Introduced on the CLS for 2014, Mercedes’ Multibeam LED headlamps are enhanced for the 2017 E-class. The individual LED count increases from 24 to 84, each individually controllable—switching between high- and low-beams, and the curve-following adaptive-lighting functions are now achieved entirely via electronics. The light pattern is also altered in city driving or via information from the navigation system.

As with the mid-cycle refresh of W212, the 2017 E-Class features two larger units instead of the four-eyes headlights, though LED light bars within the headlamps still gives the night-time effect of four individual units.

=== Drift mode ===
Introduced in the Mercedes-AMG E 63 S 4MATIC+, drift mode allows the car to completely cut the front axle from its all-wheel-drive 4MATIC system and transfer all of the power to the rear axle of the car. This allows the driver to engage in easier drifts.

== Variants ==

=== Coupé and Cabriolet ===
The Coupé (C238) was first unveiled by Mercedes at the 2017 North American International Auto Show, while the Cabriolet (A238) was unveiled at the 2017 Geneva International Motor Show, both to be released for the 2018 model year. Both models replaced the previous C207/A207 E-Class models. Like the E-Class coupé it replaced, the C238 coupé features a pillarless design with no B pillar between the front and rear side windows, though there is a small pillar between the main rear windows and the fixed quarter glass windows behind them.
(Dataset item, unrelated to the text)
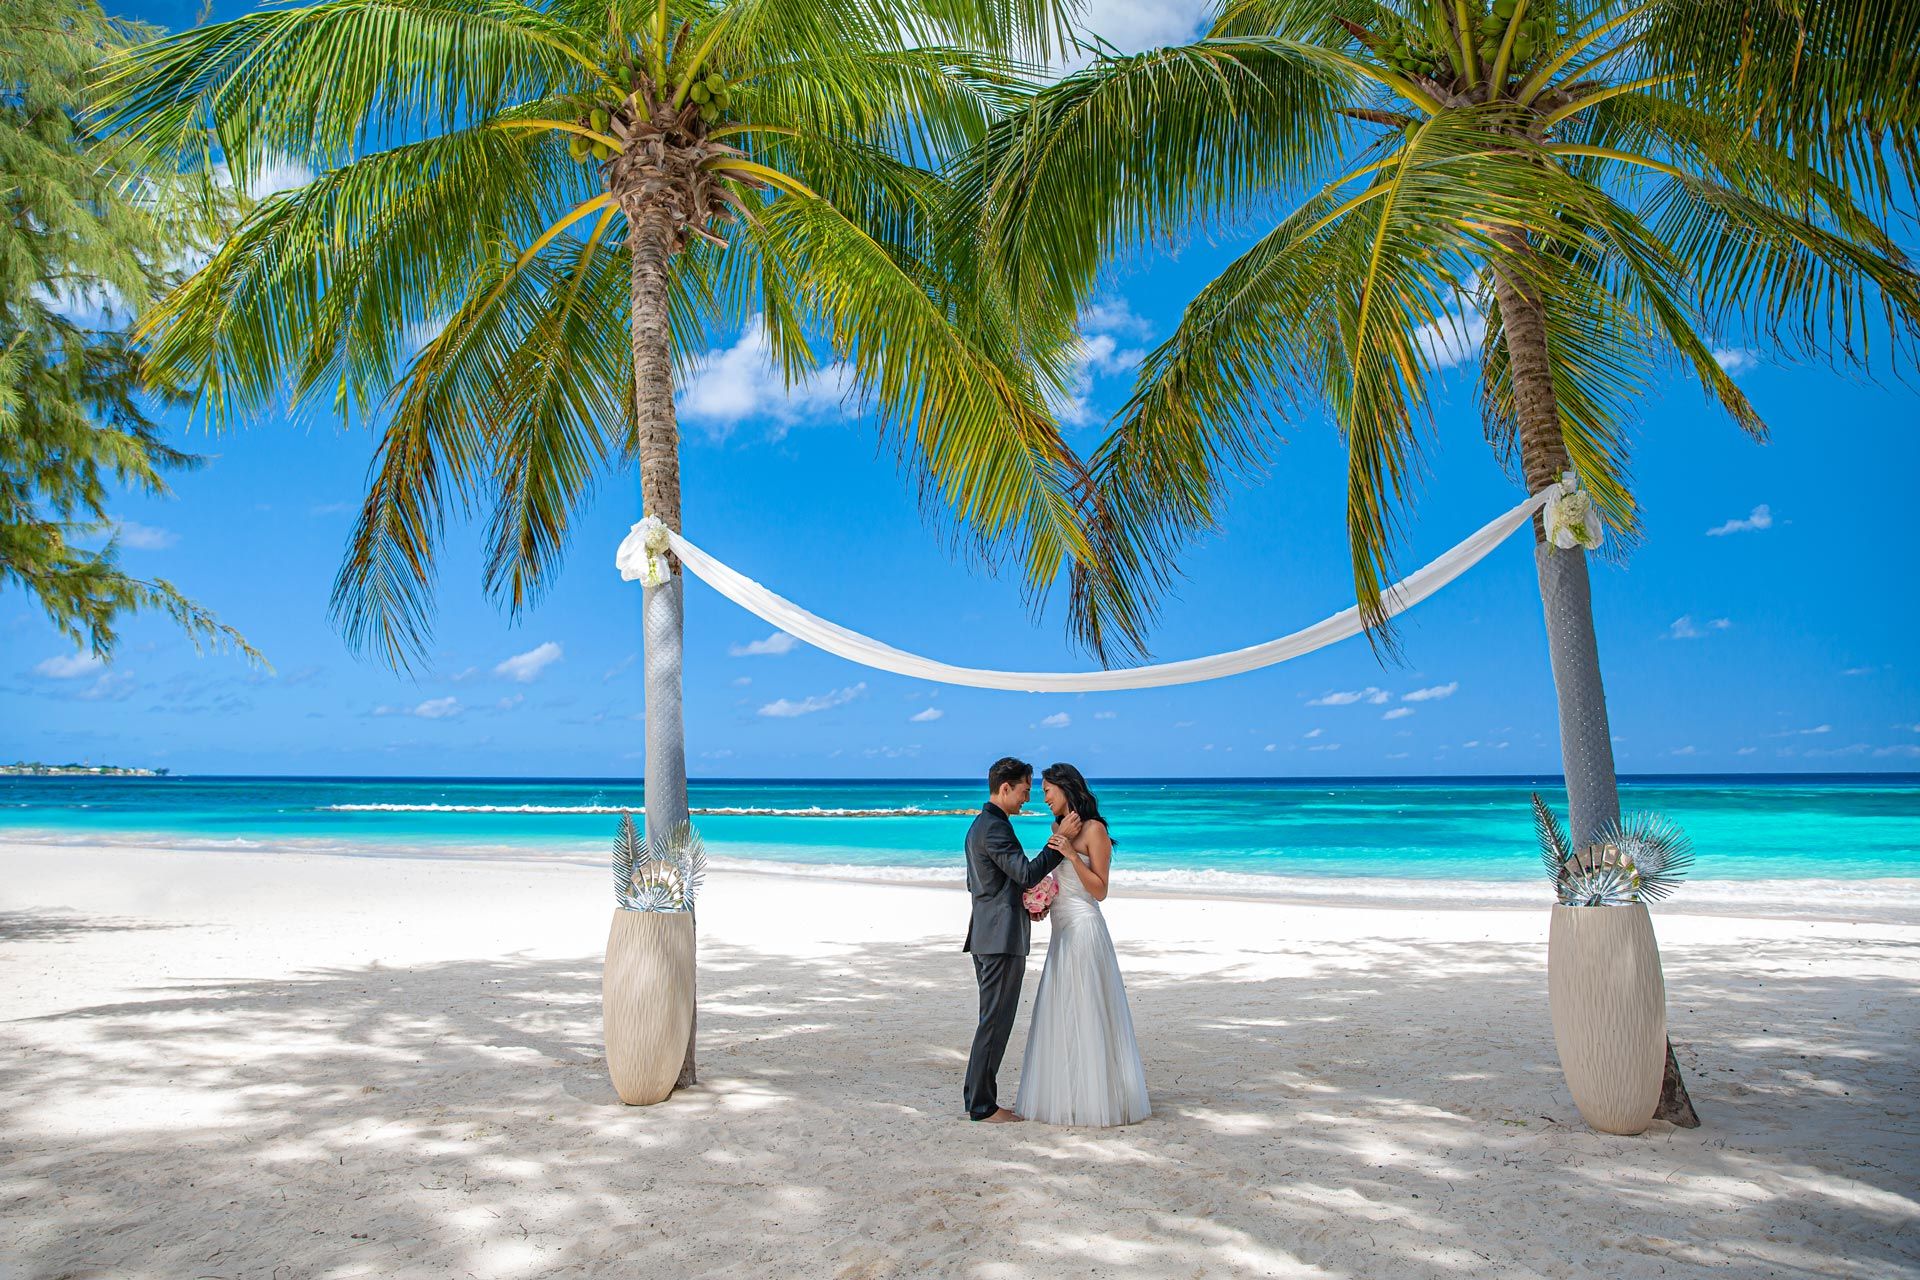 Sandals Barbados Couple Wedding Beach
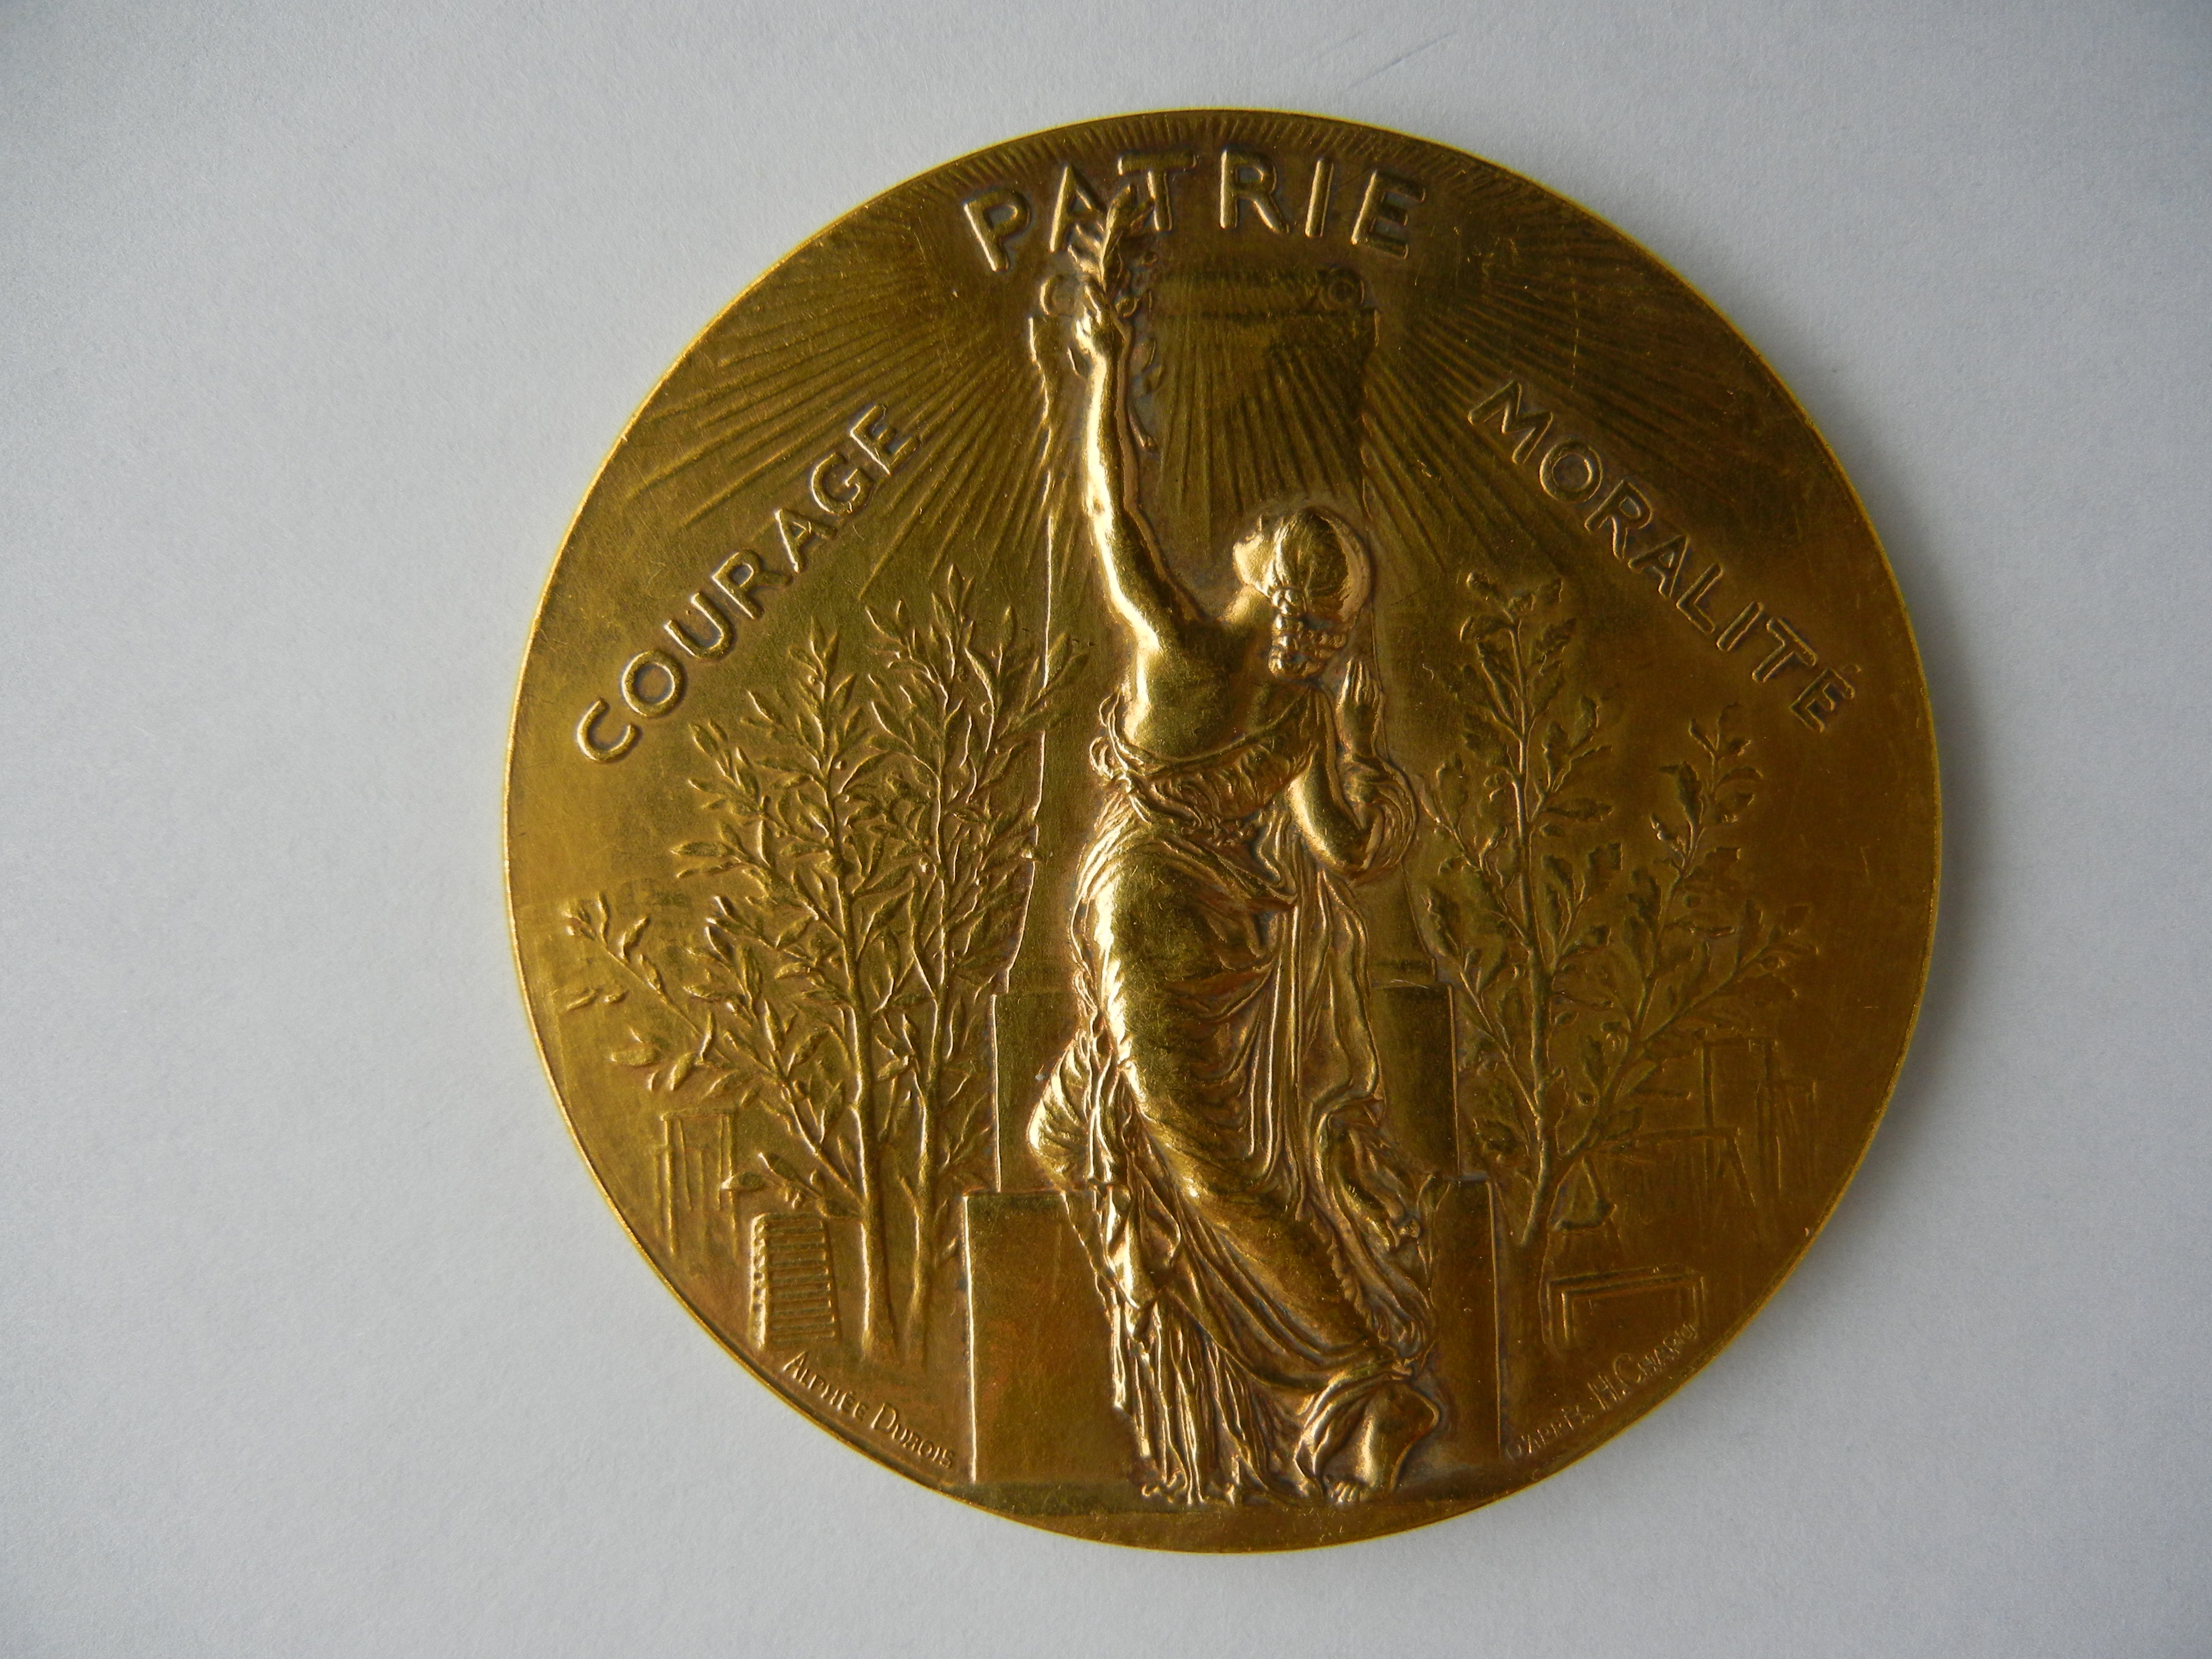 Médaille ARGENT VERMEIL. Union des sociétés de gymnastique de France fondée le 28 septembre 1873. PATRIE COURAGE MORALITE. Graveur Alphée DUBOIS (1831-1905) (1)

The Coupé and Cabriolet were both initially offered in 2018 only as an E 400 model with the M276 3.0L Biturbo V6 engine producing 333 PS and 480 Nm of torque.

Select markets also offered the E 200 model with an M274 engine 2.0L turbo I4 engine producing 184 PS, and the E 300 model with an M274 2.0L turbo I4 engine producing 245 PS.

For 2019 onwards, the E 400 model was replaced by the E 450 model, featuring the same M276 3.0-litre Biturbo V6 engine, but now producing 362 PS and 500 Nm.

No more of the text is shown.